Driving without insurance soars: Who’s being blamed? Young drivers
The number of uninsured drivers on Britain’s roads rises. Who’s getting the brunt of the blame? Young drivers. Find out why…
In just 12 months, the number of motorists driving without insurance has increased by 10 per cent, according to newly published figures. Insurance pay-outs involving uninsured drivers stood at 21,972 in July 2014. By July 2015, the pay-out figures stood at 24,213.
The Motor Insurers’ Bureau (MIB), who published the figures, said that the numbers represent a ‘year-on-year monthly increase of 2,241 or 10.2 percent.’
Driving without insurance more common among young drivers
The MIB attributes the rising number of those driving without insurance to the soaring cost of insurance. With insurance policies costing anywhere between £1,000 and £2,000 for a ‘
high risk young driver’, the MIB asserts that may are just taking risks and simply driving without insurance. The MIB says that one-third of uninsured drivers
are under the age of 30.
The MIB’s report concluded: “Our data reveals a worrying number of motorists driving without insurance. The MIB has seen a 10.2 per cent increase in the number of claims in the 12 months between July 2014-2015.”
The report continued: “This follows a decade of declining numbers since 2005.”
Chief executive of the MIB, Ashton West, said: “Alarmingly, the number of claims being received by the MIB is rapidly rising week on week.”
Now, the MIB have partnered with the police to launch a new campaign outside of Scotland Yard in London. A new video will be screened titled ‘Gone in Seconds’, highlighting the issue of driving without insurance and the role that police play in getting uninsured motors off Britain’s roads.
However, the MIB admits that reaching drivers under the age of 30 is proving difficult. For a young driver, having a vehicle means independence, it’s an important part of their social life and gives them credibility. Many would rather run the risk of driving without insurance than give up these luxuries.

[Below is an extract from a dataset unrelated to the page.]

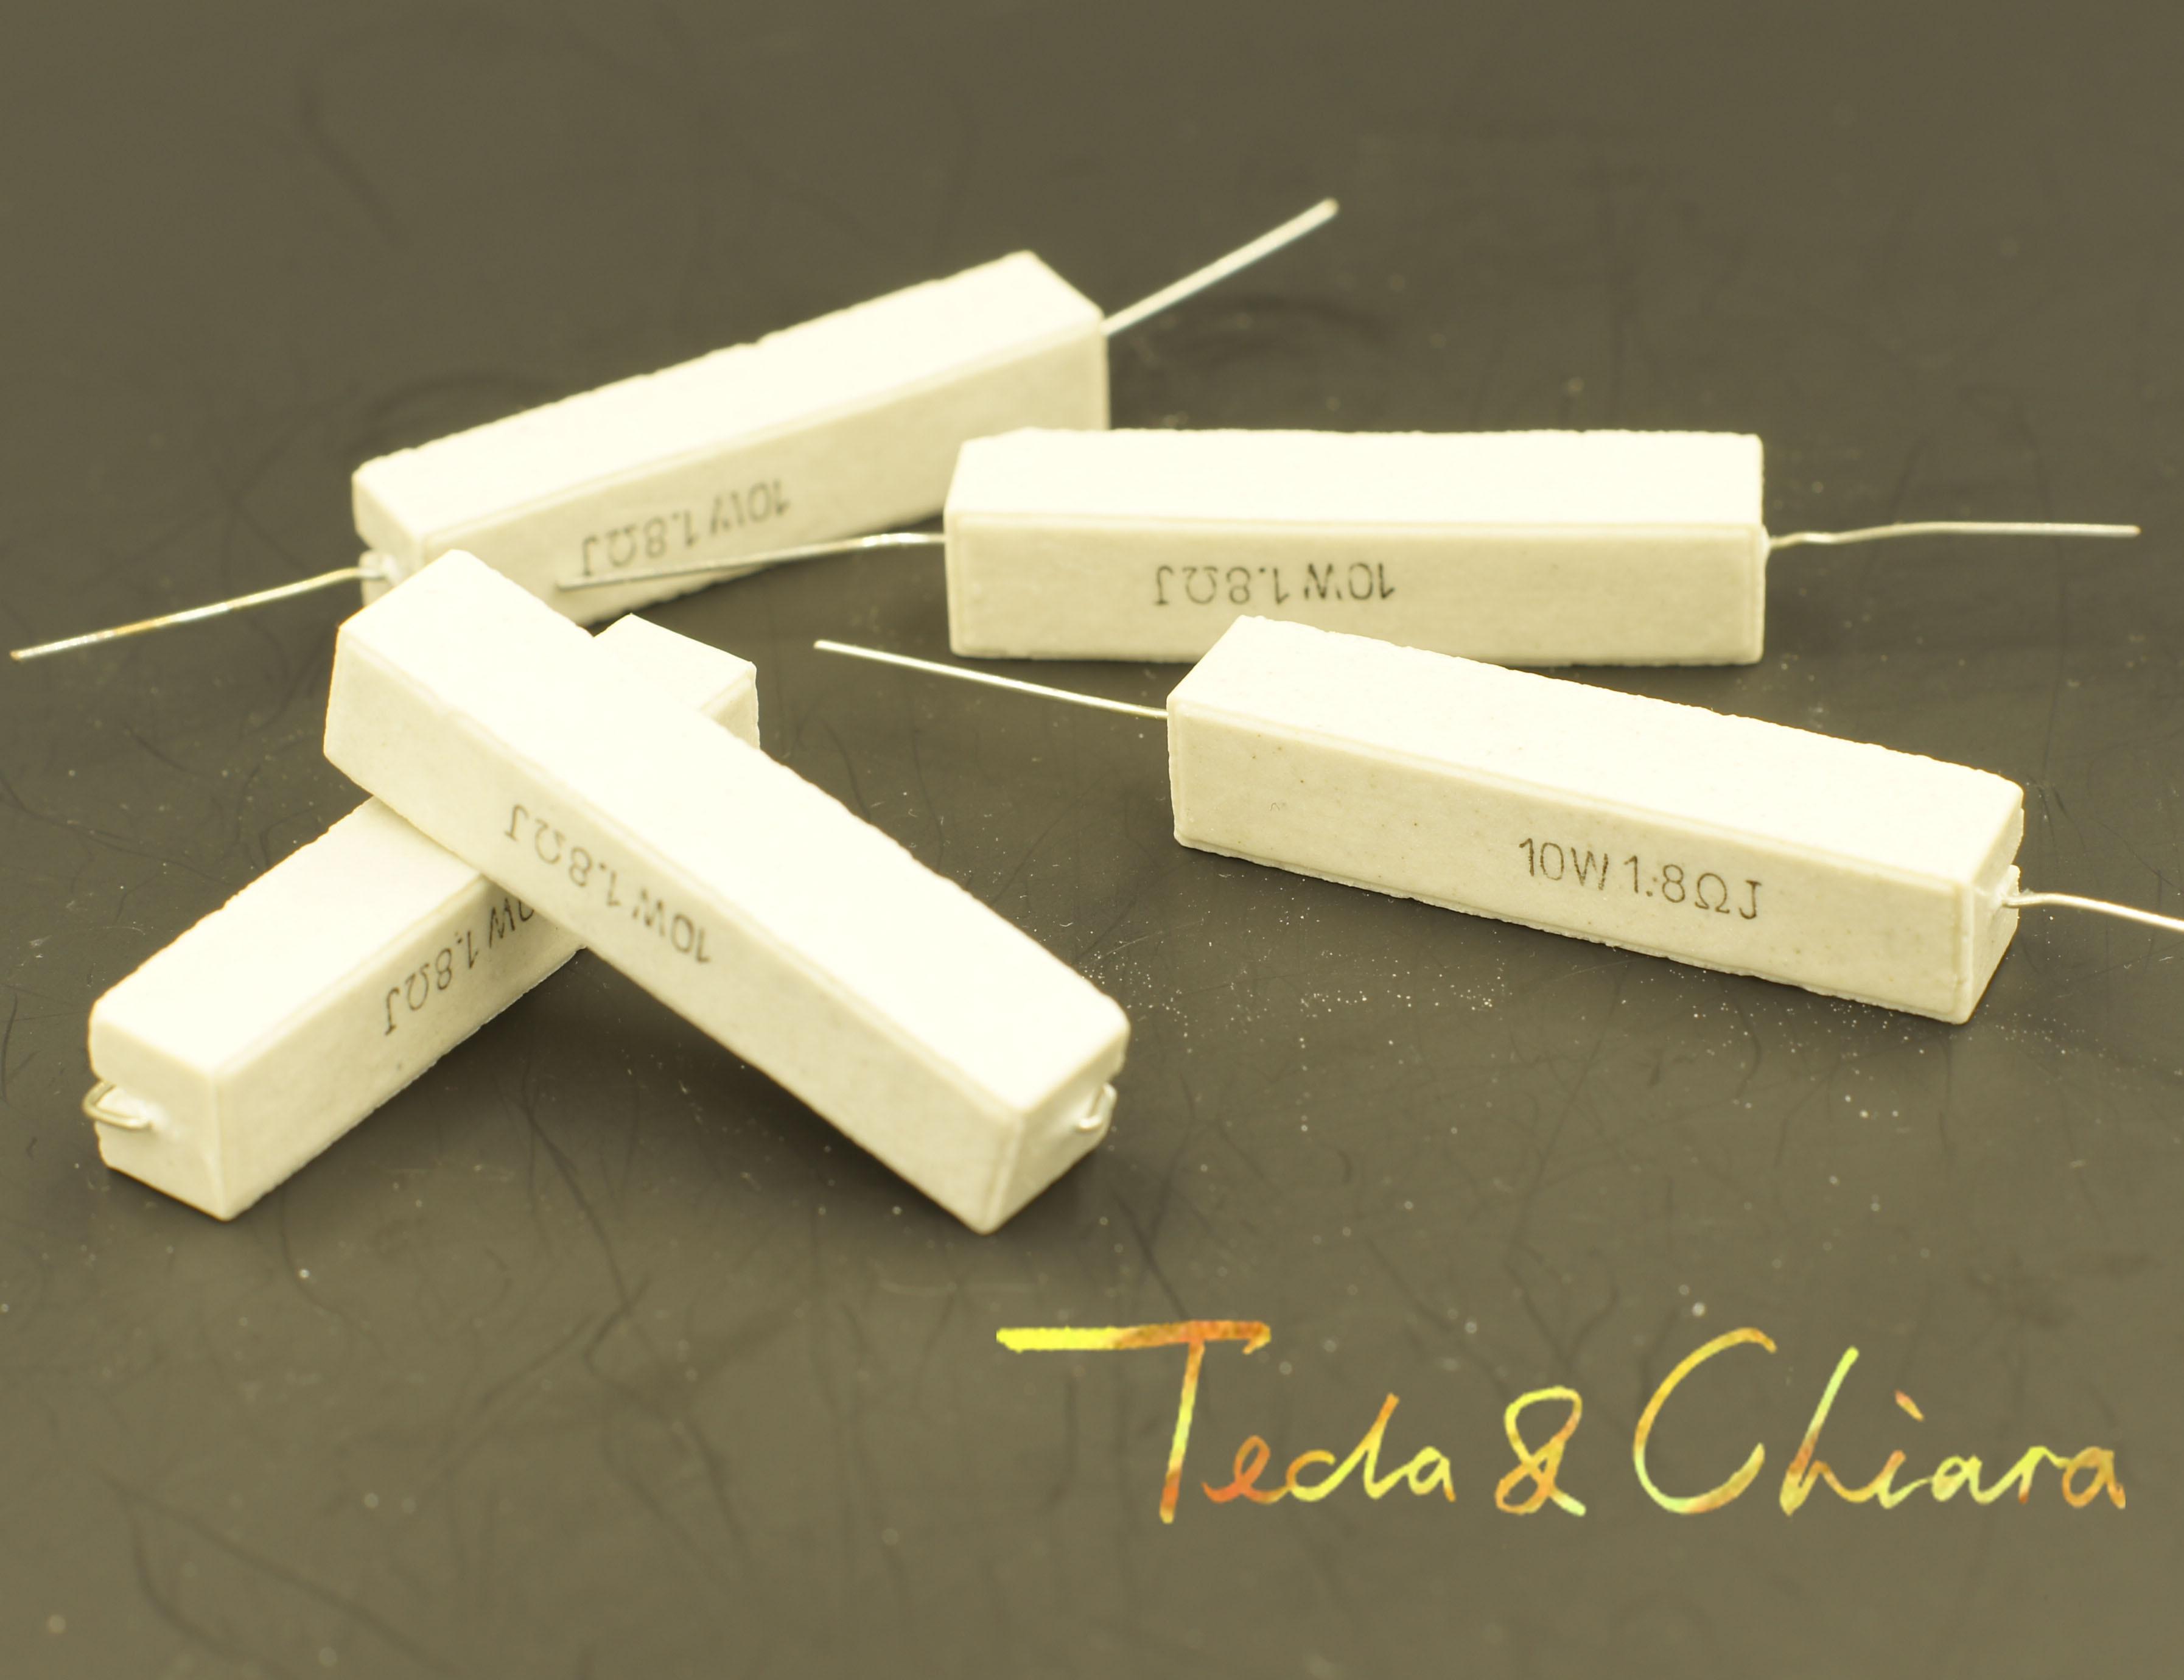 10Pcs 10W 0.1R 0.22R 0.25R 0.1ohm 0.22ohm 0.25ohm 0.1 0.22 0.25 5% Cement Ceramic Power Horizontal Resistor Resistance R Ohm 10 pcs 47 ohm 10w ceramic cement resistor 47r 10 watt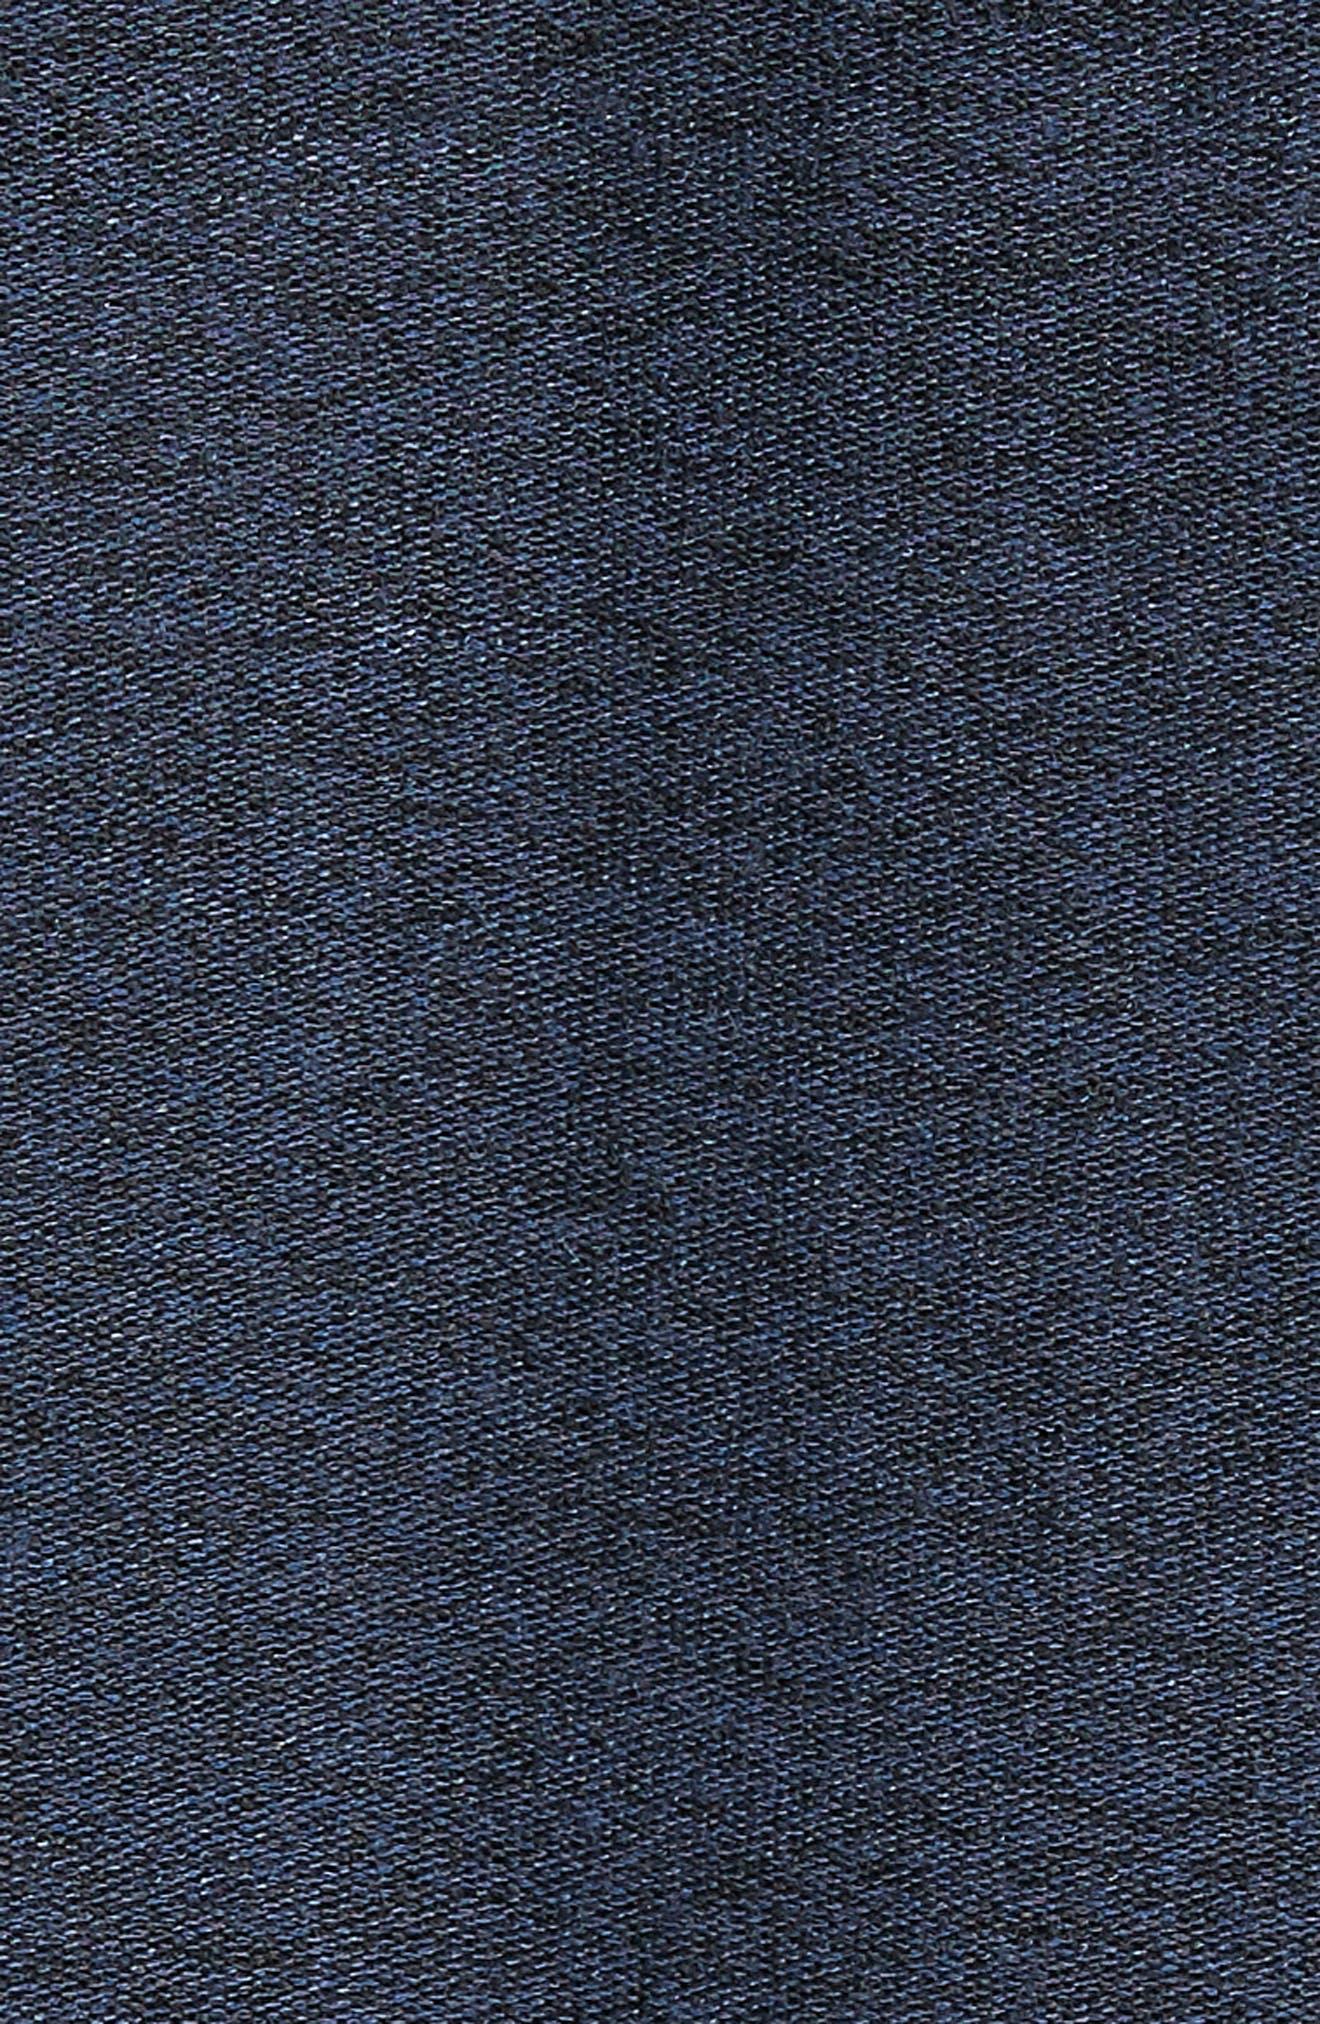 Ultra Soft Crewneck Sweatshirt,                             Alternate thumbnail 5, color,                             Navy Indigo Marl

An MIB spokesperson said: “Young male drivers are the most likely to make an insurance claim, in fact, twice as likely and the claim value will be three times the average claim. Additionally, 40 per cent of drivers injured in uninsured driving claims are below the age of 30.”
The spokesperson added: “Getting the message across to young people that driving without insurance is dangerous, illegal and unaccepted socially, is crucial. Hence the Gone in Seconds campaign.
The video is designed to get personal with drivers, highlighting that getting caught driving without insurance, losing a car, friends, girlfriends and social status is just not worth it.
What’s your view? Do young drivers make up the majority of motorists driving without insurance on Britain’s roads?